■ **What you need to do**: Nothing outside the range below should be printed. Output exactly the lines from the line with "2pcs Toddler Girl" to the line with "Ética em Pesquisa", both included.
BEGIN
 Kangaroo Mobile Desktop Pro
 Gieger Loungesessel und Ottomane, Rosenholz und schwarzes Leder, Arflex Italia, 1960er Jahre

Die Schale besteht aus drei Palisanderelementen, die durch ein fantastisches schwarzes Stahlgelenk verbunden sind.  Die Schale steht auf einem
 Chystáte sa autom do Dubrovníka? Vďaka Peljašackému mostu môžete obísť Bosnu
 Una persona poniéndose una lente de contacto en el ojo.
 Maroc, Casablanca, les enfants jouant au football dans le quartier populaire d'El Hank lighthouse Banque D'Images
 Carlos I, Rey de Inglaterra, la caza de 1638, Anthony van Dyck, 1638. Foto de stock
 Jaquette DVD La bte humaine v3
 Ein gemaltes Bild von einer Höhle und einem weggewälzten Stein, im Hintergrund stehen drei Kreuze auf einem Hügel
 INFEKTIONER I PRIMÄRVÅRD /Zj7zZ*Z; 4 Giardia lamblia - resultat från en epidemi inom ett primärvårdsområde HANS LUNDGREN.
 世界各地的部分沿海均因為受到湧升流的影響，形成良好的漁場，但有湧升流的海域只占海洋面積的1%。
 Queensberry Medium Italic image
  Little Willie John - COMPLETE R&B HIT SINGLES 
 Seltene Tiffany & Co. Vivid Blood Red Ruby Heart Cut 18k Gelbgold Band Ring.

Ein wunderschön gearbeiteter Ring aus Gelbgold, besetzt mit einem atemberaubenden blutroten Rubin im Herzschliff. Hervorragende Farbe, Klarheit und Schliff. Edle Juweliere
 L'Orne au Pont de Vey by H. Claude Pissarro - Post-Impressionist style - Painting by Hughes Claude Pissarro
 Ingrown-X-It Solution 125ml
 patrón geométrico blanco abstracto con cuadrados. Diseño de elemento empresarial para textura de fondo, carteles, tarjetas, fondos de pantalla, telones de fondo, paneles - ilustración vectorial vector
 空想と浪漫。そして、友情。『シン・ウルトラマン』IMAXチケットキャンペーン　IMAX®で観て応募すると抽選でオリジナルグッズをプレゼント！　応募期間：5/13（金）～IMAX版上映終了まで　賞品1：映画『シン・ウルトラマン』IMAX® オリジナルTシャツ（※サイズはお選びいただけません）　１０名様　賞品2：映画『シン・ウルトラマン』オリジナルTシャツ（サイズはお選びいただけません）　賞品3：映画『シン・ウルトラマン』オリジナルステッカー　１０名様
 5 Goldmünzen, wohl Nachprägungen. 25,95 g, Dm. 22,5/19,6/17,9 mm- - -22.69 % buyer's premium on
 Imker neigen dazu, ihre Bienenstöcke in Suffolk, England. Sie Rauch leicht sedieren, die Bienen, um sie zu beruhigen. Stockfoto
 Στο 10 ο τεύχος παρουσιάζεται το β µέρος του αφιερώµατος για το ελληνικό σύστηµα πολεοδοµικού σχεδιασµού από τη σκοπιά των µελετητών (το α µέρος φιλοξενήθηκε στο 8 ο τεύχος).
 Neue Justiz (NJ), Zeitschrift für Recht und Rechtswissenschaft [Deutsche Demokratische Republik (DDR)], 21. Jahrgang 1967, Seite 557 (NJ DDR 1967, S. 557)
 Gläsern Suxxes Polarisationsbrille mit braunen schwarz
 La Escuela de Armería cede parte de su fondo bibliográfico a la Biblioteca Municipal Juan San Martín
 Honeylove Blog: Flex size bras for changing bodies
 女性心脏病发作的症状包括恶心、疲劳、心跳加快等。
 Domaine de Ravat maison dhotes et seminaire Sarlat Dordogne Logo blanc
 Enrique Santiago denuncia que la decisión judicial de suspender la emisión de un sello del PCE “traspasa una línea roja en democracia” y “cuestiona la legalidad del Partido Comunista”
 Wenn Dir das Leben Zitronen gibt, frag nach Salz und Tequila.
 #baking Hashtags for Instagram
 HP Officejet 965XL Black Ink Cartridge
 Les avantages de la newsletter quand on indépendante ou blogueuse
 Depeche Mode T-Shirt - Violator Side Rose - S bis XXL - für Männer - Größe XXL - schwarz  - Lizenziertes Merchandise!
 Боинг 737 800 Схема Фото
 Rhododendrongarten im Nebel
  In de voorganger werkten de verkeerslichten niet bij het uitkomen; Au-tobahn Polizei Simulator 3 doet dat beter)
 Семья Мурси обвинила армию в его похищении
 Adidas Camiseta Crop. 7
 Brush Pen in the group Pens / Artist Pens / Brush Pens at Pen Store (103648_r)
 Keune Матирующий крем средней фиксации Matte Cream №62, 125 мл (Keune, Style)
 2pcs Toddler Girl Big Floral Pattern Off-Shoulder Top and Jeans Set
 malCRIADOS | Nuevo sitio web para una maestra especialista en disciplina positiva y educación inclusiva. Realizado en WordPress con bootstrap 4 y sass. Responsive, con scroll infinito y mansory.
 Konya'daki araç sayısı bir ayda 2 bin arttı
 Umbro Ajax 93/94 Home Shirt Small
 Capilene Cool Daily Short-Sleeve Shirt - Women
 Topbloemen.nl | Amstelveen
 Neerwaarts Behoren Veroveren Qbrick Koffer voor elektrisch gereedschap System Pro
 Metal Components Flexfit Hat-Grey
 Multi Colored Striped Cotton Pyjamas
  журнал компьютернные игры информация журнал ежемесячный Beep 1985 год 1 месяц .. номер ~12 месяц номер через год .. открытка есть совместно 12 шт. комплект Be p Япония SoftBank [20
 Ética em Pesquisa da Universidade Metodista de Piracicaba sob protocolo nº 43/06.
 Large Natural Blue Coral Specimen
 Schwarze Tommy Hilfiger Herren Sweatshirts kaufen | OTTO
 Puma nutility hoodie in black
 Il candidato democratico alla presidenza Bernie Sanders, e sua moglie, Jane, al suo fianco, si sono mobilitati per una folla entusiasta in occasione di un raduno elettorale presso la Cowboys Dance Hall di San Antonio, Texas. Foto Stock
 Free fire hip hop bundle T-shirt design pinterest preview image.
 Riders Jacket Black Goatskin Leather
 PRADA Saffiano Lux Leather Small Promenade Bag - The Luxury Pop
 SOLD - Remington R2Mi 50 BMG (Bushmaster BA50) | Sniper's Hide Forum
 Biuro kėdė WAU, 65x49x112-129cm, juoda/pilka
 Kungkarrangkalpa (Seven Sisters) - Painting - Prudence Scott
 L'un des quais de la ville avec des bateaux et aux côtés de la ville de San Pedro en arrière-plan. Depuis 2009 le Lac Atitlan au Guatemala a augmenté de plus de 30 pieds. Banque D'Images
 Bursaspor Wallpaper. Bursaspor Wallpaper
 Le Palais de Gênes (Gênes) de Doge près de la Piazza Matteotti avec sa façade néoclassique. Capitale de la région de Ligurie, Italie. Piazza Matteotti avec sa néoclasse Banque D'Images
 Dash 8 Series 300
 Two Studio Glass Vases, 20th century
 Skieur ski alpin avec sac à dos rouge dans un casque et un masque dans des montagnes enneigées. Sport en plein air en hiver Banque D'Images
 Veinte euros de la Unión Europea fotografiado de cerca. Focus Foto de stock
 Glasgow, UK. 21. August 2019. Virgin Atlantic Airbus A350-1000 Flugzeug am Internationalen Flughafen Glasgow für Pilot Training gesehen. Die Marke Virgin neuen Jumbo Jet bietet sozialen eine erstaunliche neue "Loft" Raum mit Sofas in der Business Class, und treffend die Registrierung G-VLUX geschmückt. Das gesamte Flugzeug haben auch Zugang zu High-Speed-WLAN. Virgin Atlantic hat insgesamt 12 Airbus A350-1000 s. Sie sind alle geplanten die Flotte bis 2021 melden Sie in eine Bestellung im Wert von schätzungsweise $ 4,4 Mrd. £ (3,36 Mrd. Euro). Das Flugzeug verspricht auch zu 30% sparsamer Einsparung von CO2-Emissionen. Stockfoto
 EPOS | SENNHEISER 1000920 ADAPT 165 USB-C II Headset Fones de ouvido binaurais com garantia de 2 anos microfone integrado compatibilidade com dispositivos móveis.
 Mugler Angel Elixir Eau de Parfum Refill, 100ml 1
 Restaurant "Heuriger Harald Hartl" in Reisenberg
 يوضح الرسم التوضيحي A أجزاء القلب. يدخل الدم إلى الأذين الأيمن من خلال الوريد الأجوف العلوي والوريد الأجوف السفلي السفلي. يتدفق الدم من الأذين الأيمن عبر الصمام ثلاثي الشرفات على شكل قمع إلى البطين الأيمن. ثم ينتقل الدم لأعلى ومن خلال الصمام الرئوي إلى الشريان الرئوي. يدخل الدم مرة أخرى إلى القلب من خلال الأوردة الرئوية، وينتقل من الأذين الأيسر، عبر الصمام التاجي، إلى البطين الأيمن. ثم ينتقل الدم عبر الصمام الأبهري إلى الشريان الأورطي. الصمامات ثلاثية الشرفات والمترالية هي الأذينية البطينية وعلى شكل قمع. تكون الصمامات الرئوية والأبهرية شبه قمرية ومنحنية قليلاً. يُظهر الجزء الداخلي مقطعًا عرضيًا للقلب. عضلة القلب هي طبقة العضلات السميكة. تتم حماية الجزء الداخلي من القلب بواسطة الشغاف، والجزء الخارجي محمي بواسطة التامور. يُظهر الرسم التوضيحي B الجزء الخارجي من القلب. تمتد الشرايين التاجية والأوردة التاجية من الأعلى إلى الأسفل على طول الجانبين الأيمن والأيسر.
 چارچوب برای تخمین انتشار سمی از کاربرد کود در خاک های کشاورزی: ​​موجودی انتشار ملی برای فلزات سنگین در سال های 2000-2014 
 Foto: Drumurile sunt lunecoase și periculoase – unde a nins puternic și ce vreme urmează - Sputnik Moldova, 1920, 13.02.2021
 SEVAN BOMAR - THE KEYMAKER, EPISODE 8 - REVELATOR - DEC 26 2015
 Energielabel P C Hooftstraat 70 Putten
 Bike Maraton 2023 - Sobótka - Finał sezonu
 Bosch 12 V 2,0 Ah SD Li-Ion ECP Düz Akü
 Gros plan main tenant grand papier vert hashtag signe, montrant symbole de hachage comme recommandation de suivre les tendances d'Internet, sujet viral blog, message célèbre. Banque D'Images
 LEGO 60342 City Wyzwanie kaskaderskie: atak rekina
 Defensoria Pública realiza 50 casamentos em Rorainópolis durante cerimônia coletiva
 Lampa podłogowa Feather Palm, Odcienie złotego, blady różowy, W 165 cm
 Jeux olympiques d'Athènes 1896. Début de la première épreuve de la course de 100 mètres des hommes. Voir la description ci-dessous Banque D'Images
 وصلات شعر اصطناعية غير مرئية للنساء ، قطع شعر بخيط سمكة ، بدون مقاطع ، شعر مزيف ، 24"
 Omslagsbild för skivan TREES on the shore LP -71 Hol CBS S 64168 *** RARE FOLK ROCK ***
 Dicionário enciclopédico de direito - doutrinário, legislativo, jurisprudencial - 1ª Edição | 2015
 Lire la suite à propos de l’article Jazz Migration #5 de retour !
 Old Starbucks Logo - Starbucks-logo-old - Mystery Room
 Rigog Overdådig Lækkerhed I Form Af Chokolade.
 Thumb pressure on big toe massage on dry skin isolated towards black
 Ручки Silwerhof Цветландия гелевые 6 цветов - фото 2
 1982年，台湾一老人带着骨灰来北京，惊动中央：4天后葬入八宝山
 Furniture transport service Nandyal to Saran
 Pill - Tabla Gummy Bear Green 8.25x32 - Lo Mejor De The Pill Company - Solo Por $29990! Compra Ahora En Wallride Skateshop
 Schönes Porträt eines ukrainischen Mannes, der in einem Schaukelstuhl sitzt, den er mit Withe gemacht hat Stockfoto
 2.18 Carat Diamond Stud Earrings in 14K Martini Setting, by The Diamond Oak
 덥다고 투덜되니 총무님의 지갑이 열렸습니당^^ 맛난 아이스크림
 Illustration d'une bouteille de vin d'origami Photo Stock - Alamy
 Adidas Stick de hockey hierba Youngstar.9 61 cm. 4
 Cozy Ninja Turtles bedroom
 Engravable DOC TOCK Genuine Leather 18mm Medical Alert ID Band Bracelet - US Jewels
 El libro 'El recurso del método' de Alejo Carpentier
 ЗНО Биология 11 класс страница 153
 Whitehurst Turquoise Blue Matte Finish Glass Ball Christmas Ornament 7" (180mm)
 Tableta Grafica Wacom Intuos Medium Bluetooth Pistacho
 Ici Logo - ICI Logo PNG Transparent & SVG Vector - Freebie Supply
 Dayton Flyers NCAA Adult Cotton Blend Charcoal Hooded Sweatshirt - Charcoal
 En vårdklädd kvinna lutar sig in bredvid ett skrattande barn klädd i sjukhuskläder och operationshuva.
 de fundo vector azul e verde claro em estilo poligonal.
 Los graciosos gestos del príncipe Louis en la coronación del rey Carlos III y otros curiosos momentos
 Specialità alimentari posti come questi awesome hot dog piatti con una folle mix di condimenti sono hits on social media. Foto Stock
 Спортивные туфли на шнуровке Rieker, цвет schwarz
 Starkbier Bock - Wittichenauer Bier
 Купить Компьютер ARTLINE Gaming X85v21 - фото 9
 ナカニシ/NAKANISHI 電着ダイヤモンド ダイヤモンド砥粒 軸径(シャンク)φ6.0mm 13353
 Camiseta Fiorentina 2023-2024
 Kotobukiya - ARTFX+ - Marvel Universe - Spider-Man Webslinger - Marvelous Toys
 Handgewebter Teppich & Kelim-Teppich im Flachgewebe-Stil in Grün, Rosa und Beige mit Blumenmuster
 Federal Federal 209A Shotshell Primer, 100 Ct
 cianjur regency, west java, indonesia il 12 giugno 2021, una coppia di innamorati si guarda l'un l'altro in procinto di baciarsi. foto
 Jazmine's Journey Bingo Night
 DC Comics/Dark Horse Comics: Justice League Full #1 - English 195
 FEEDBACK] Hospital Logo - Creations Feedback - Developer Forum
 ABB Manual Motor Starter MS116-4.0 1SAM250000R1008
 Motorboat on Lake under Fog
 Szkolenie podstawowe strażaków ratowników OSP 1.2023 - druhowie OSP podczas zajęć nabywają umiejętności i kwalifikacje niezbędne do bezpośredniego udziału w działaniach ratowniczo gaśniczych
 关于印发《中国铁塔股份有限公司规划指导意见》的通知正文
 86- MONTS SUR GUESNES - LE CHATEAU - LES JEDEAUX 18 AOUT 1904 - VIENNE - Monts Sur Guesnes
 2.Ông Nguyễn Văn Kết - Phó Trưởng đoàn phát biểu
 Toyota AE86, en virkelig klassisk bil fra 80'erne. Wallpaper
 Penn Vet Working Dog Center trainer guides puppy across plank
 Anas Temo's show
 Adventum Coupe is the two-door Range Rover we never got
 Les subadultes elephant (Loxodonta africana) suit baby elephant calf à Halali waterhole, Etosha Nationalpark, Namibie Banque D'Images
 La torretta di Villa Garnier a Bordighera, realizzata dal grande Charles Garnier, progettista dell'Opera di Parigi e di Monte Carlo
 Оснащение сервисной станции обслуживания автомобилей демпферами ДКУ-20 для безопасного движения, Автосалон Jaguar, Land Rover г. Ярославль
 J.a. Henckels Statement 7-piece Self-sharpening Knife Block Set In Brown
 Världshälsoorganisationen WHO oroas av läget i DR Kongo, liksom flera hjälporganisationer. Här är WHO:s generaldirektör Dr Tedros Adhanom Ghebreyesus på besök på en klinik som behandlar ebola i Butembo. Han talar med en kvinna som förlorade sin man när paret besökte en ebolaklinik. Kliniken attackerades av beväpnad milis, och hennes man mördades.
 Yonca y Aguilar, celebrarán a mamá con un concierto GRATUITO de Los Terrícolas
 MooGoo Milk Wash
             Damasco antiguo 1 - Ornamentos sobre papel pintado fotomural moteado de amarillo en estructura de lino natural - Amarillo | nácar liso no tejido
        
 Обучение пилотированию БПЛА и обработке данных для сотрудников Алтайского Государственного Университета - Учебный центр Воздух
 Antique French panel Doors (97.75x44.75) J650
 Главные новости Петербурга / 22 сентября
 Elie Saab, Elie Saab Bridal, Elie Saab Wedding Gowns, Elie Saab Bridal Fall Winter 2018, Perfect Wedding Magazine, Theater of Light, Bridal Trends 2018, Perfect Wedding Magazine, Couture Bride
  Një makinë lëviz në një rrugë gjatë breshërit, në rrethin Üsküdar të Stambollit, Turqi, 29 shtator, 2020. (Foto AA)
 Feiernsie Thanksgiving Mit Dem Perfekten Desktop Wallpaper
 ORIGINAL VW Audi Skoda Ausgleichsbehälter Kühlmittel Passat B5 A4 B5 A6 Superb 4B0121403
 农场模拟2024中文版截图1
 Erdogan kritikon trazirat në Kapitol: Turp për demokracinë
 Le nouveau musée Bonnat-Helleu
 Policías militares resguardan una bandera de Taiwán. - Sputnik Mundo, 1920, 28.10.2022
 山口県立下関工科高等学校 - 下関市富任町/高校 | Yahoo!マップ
END
■ **Solution for this problem**:
 2pcs Toddler Girl Big Floral Pattern Off-Shoulder Top and Jeans Set
 malCRIADOS | Nuevo sitio web para una maestra especialista en disciplina positiva y educación inclusiva. Realizado en WordPress con bootstrap 4 y sass. Responsive, con scroll infinito y mansory.
 Konya'daki araç sayısı bir ayda 2 bin arttı
 Umbro Ajax 93/94 Home Shirt Small
 Capilene Cool Daily Short-Sleeve Shirt - Women
 Topbloemen.nl | Amstelveen
 Neerwaarts Behoren Veroveren Qbrick Koffer voor elektrisch gereedschap System Pro
 Metal Components Flexfit Hat-Grey
 Multi Colored Striped Cotton Pyjamas
  журнал компьютернные игры информация журнал ежемесячный Beep 1985 год 1 месяц .. номер ~12 месяц номер через год .. открытка есть совместно 12 шт. комплект Be p Япония SoftBank [20
 Ética em Pesquisa da Universidade Metodista de Piracicaba sob protocolo nº 43/06.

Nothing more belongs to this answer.